People As Product: Managing Law Firm Talent

People As Product: Managing Law Firm Talent

By necessity, lawyers are deeply rooted in precedent and tradition — living and breathing case law in their working lives. This mindset is extraordinarily useful for navigating our legal system and making effective, evidence-based arguments, but it can also hinder law firms’ ability to adapt to changes in the legal world that have great potential to benefit or harm them. We’ve talked about Knowledge Management and how some law firms are following corporations’ lead in adopting effective KM policies, but what about attracting strong talent to acquire this institutional knowledge in the first place? Traditionally, a big paycheck and the potential to eventually move up within the ranks and nab that prestigious corner office were all the motivation that was necessary to entice and retain the most talented young lawyers. The times they are a-changin’.
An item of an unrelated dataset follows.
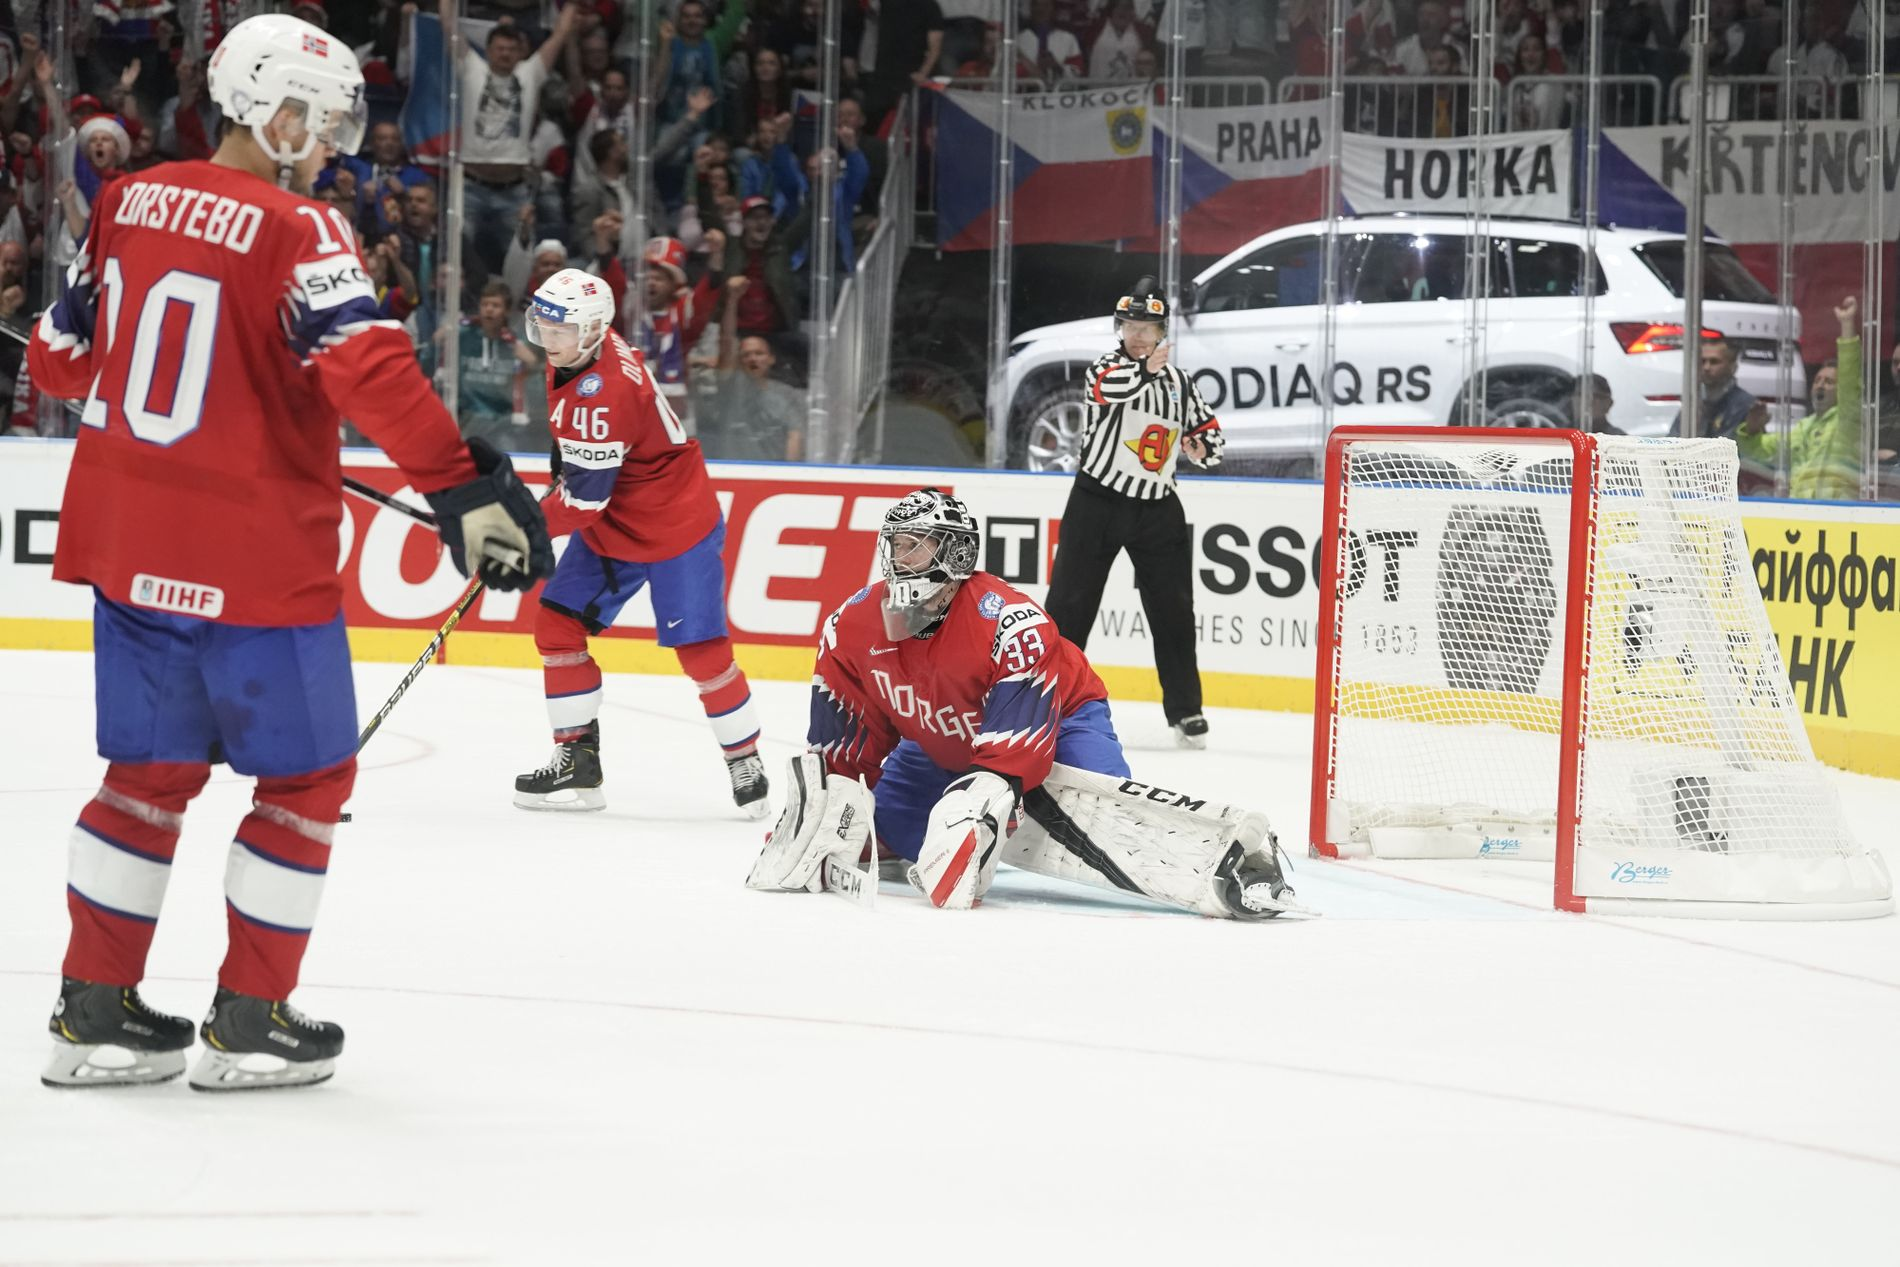 Målvakt Henrik Haukeland og resten av de norske spillerne fikk en tung kveld.
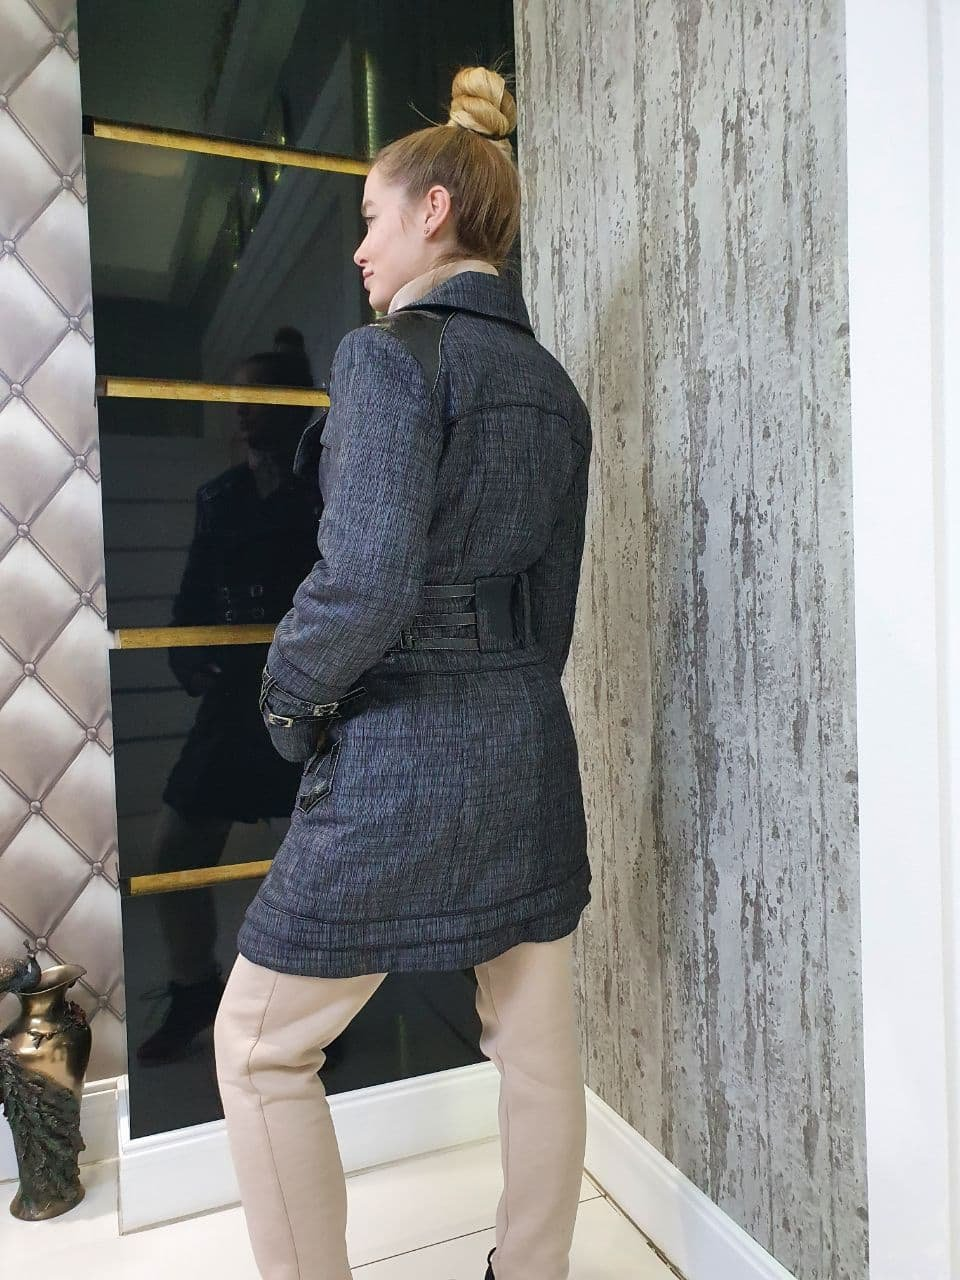 Куртка Зимняя Цунами 10714 АРТ. 47138 Цвет: Серый/черный - фото 2, интернет магазин tm-modus.ru

As more and more of the Millenial generation acquire law degrees and enter the workforce, understanding what they are after has become vital for effective recruitment and retention at law firms. While compensation remains important, America’s next generation of lawyers highly values meaning, flexibility, and opportunities to develop themselves through training and leadership. HR and training departments can help, but senior attorney leadership is the key to providing the mentoring that young lawyers need to feel valued at their job. However, senior attorneys in leadership positions generally earned those positions by being extremely effective litigators, and thus still find themselves spending the majority of their time serving clients while the development and evaluation of the lawyers under them suffers. These leaders have the knowledge and experience to both set clear expectations and help new attorneys to learn and meet those expectations, and firms who neglect this side of the equation may eventually find themselves dealing with a vicious cycle of turnover among their young talent.

This problem is only exacerbated by the traditional system of partners choosing which junior lawyers work with them on projects, thereby creating a sort of tier system among young talent based on the subconscious bias of partners rather than objective ability. The lucky associates who manage to connect with a partner may get the attention and development they need, but the less fortunate young lawyers often find themselves relegated to assignments that make them feel under-appreciated. Their uneven mentoring also prevents them from improving their skills and better serving the firm. The high cost of investing in a young lawyer makes this sort of system unwieldy and inefficient, especially when alternatives are available for those firms brave enough to step outside of established precedent.

One meaningful step a law firm can take is to implement an evaluation system that offers detailed feedback across a range of areas and provides clear information on the direction of a lawyer’s career advancement. Staying with the same company or firm for an entire career is no longer the norm, so providing meaningful advice and making employees feel valued and secure in the steps they must take to advance can go a long way toward preventing the now natural desire many people feel to change jobs on a regular basis. Because law firms are essentially selling their own expertise — their product is the collective experience, knowledge, and minds of their lawyers — maintaining a long-term, dedicated force of attorneys could provide a substantial leg-up over the competition.